Same here, Github runners aren't able to connect to the tailnet and I can't figure out why. I've tried several tailscale versions (ones that match working machines), different ways of connecting with using --accept-routes and internal networks, the tailscale DNS hosts, and tailscale IPs directly, but none are working.

The weird part is that tailscale status and tailscale netcheck say everything is fine and the action also runs cleanly. I even see the internal subnets come past in ~/tailscaled.log. The GitHub runner also shows up briefly in the tailscale dashboard. Yet, no connection is possible.

I'm thinking it might be the GH runners, but I'm not sure. Hoping anyone here has ideas..

what does your ACL file look like?

172.33.25.157

This is T-mobile IP address, so not sure why it would be in your DNS path, and likely isn't a Tailscale thing.

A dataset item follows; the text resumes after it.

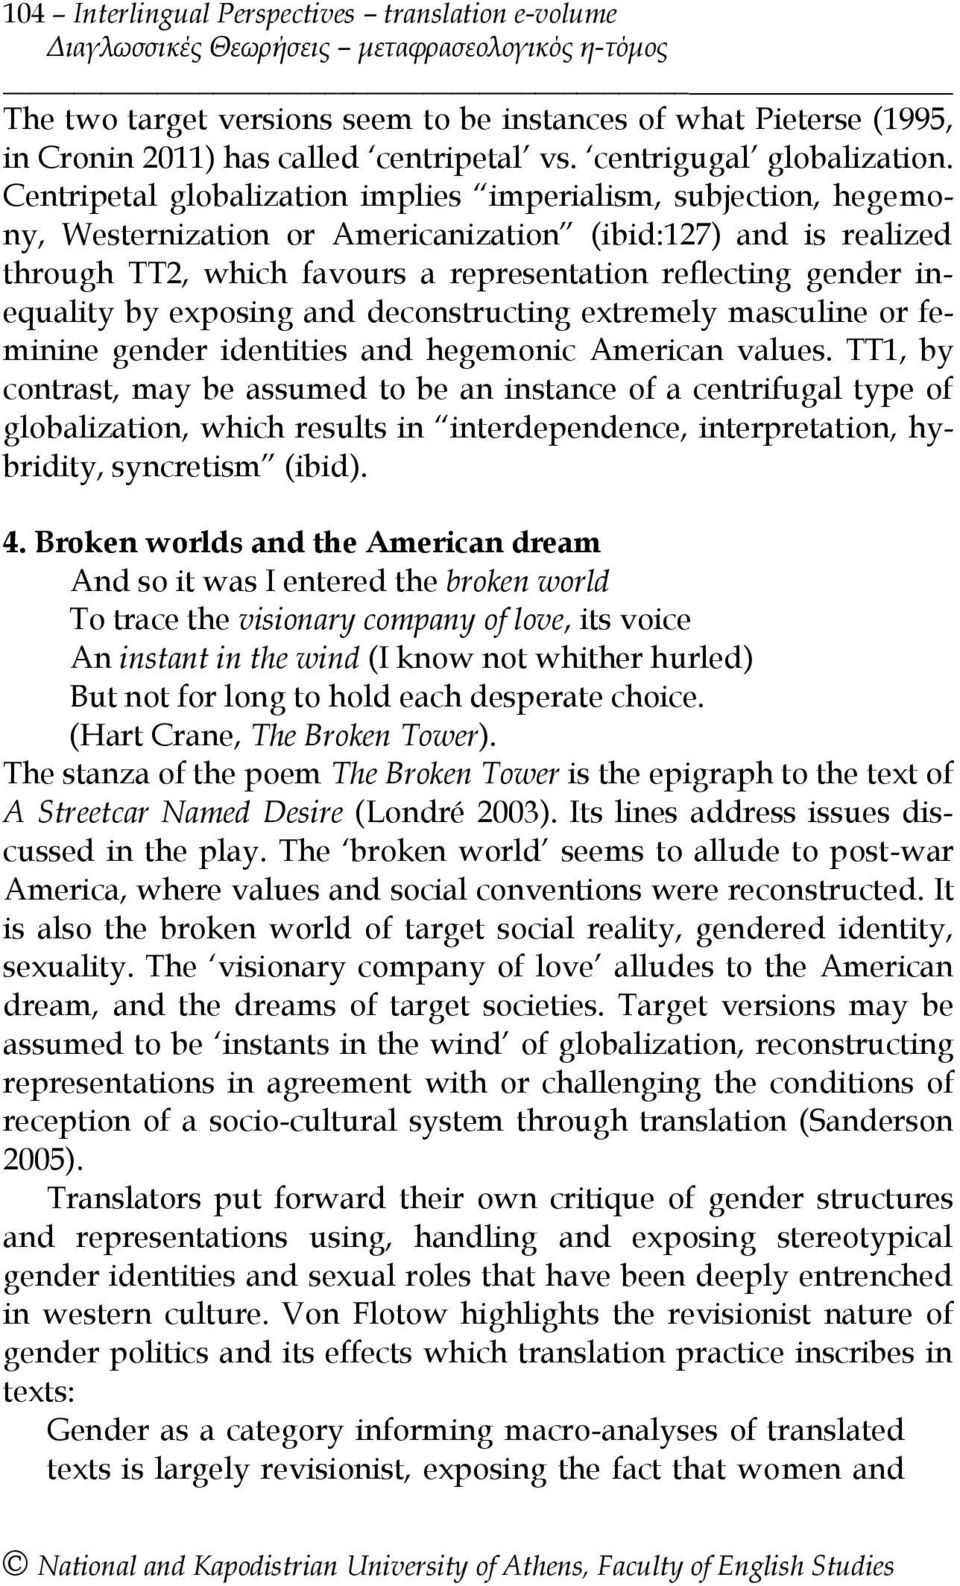 Centripetal globalization implies imperialism, subjection, hegemony, Westernization or Americanization (ibid:127) and is realized through TT2, which favours a representation reflecting gender

I'd recommend opening support tickets for these issues.

[mpminardi]

On the versioning front here we've released a v3 which:

• Includes Always pull latest version #131 which allows for opting in to fetching the latest stable version of Tailscale
• Will be a floating tag that is updated to point to the latest v3.Y.Z releases of the action as they come out to have behaviour that is more expected of actions releases / tags

Note that the guidance provided here around the default version for the Tailscale client is otherwise still true.